# 1933 Montgomery Ward Flashlight



## briskattivo (Aug 7, 2011)

I bought a metallic Montgomery Ward flashlight from a yard sale yesterday for a $1. On the switch it has a patent number that reads "PAT.No.I.969.320", translation 1969320. Click the link to read the patent on Google, there is some more information there. I also took the flashlight to a bulb shop yesterday, where her guess was a 12p bulb, but the socket neck was too long for that.

Here are some photos I posted on my Flickr account:

[Socket]
[Angle 1]
[Angle 2]
[Side]
[Bottom]

I need ideas on how to find the bulb for this or how to make another bulb work.

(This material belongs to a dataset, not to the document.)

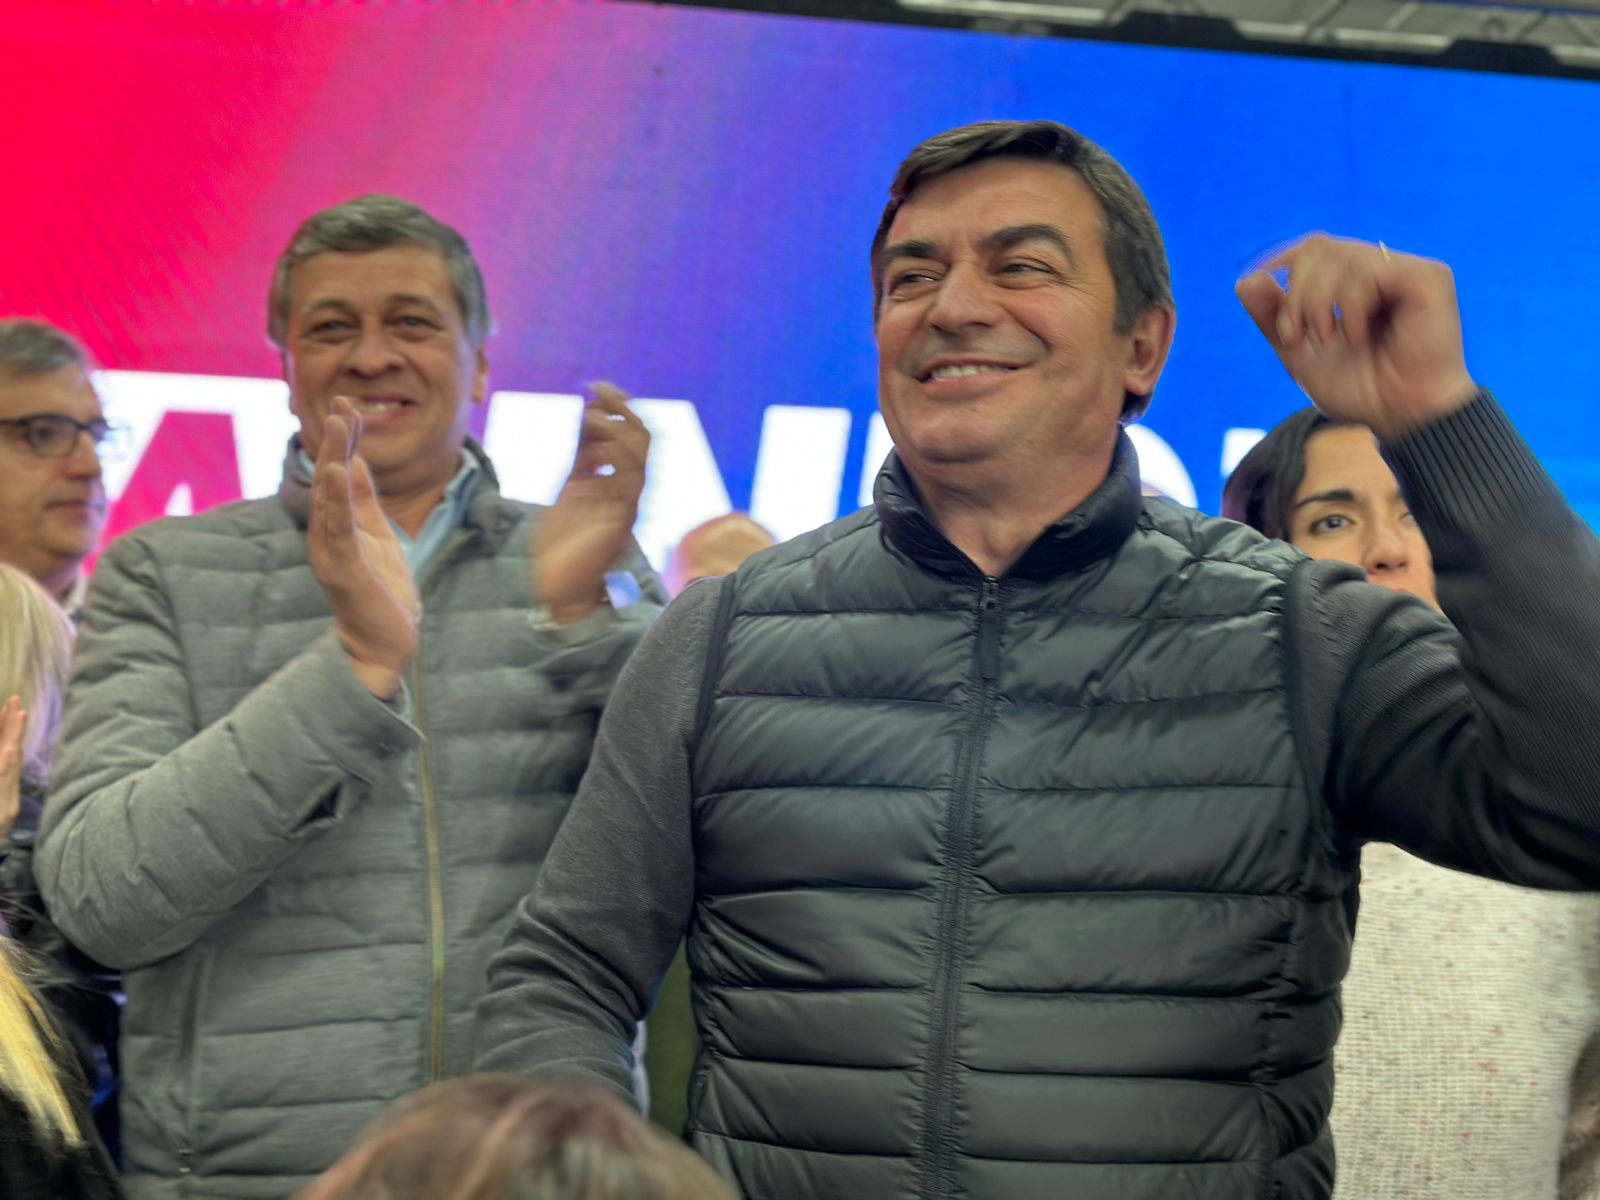 Omar De Marchi, festejando en el búnker de campaña junto con Daniel Orozco. su compañero de fórmula

Any ideas would be great. Thanks so much for your help.

Dave


----------



## Toohotruk (Aug 7, 2011)

Great buy! Cool light! :welcome:


----------



## briskattivo (Aug 7, 2011)

Thanks.


----------



## S Jay (Sep 18, 2011)

This looks like a threaded socket. If your light is a 2-cell, you want a # 14 bulb (not a PR- bulb, which has no threads).

A three-cell light takes a # 13, and a four-cell light would probably take a # 425.

As you probably know, the shield slides back and forth. When the shield is NOT around the bulb, this allows the reflector to do its job, and it is more of a spotlight. When the shield slides around the bulb and prevents the light from getting to the reflector, it acts as a (pretty poor) floodlight.

Nice collectible. Hope this helps you.


----------



## angelofwar (Sep 18, 2011)

That is nice! I bet if you could get the reflector re-finished and hop that thing up with some CR123's and get more voltage, you'd have an awesome pocket-rocket!


----------